Сказано коряво, но суть ясна.

– Давай журнал полета.

Так, заметили при скорости двести пятьдесят. Значит, начальная стадия вибрации – при еще меньшей скорости. Откуда она идет? И что делать? Впрочем, как раз на последний вопрос ответ имеется: не доводить до таких скоростей. И все же: откуда?

Считать резонансные частоты таких конструкций меня не учили. Значит, придется мозгами шевелить.

Такие колебания просто не могли не ослабить крепления – тут Готхар прав. Придется изучать все винтики до единого. И команда принялась это делать. Я сам бы охотно поучаствовал, но мое присутствие рядом с самолетом напрочь испортило бы все кристаллы – а их в машине больше двух десятков.

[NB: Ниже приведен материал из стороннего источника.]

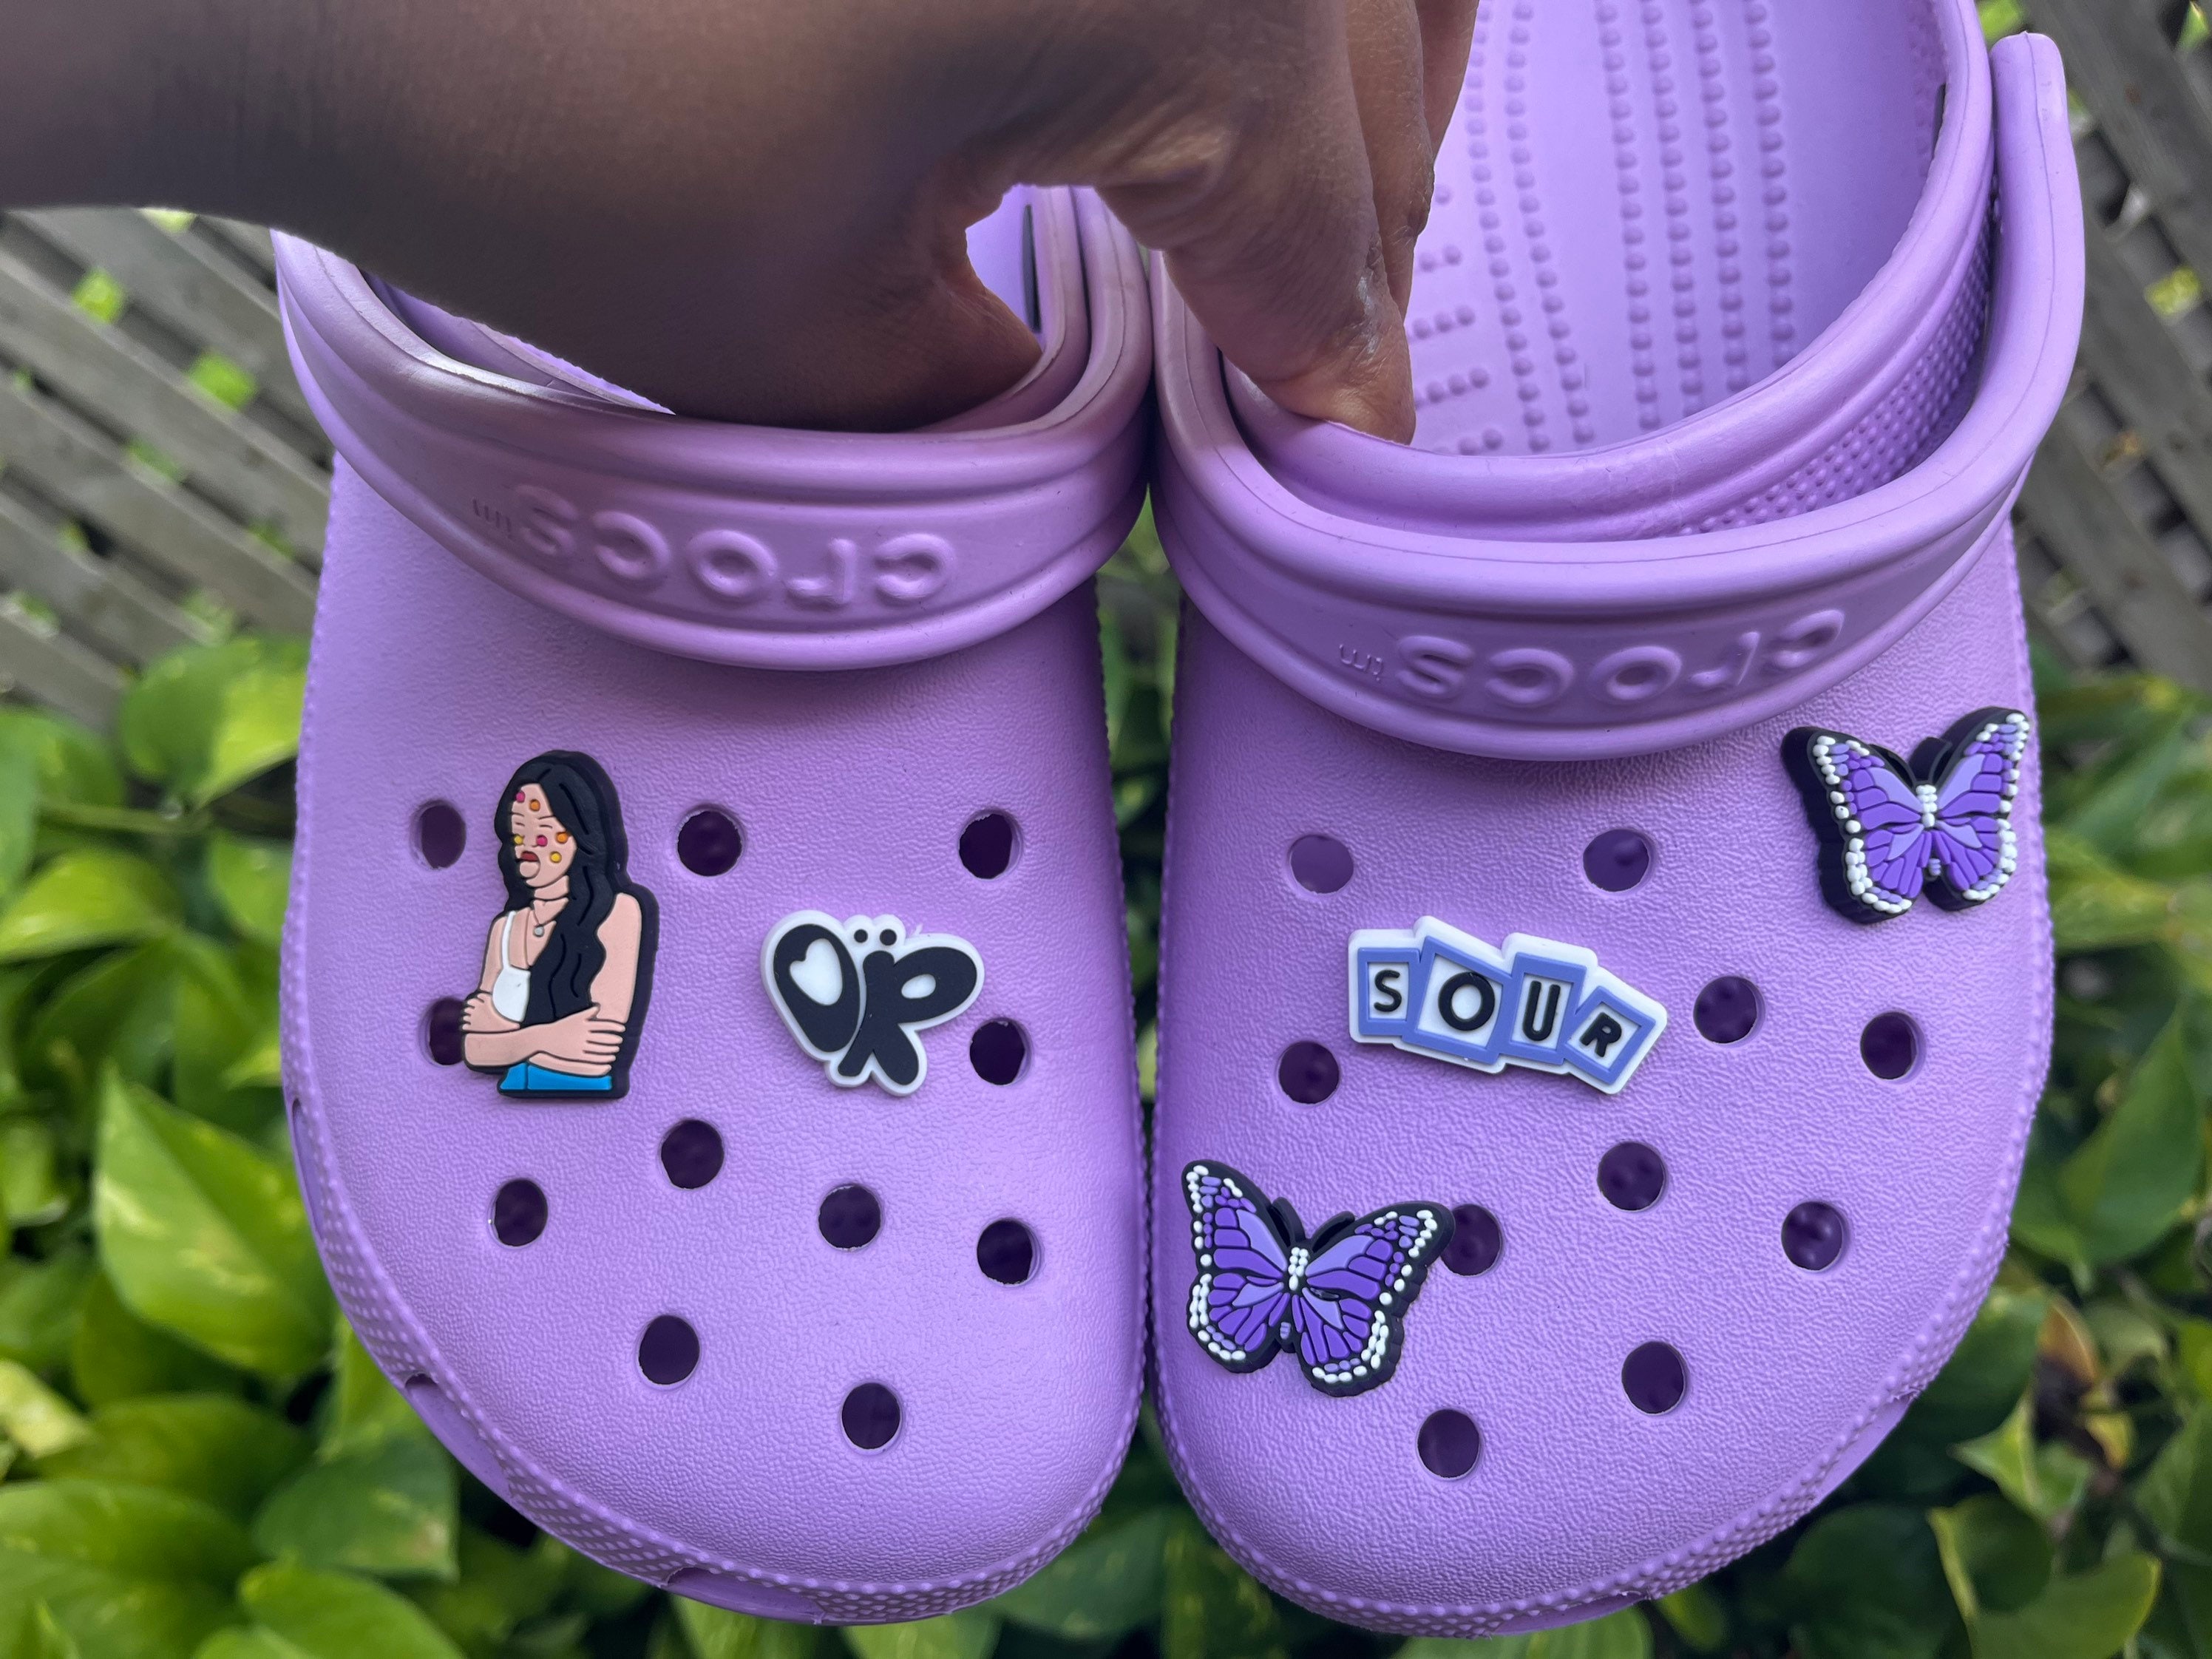 Olivia Rodrigo Croc Clog Shoe Charms - Etsy

Через два часа поиска источник оказался найденным: хвостовое оперение. Которая из плоскостей – полный туман. А что можно сделать?

Задачу пришлось решать методом тыканья пальцем в направлении неба. Я сидел поодаль от самолета с чертежами в руках и командовал: приварить вот здесь усиление в виде стальной полосы. Фитха, за штурвал, а ты, Готхар, в хвост: следить за вибрацией. До двухсот сорока, больше не надо.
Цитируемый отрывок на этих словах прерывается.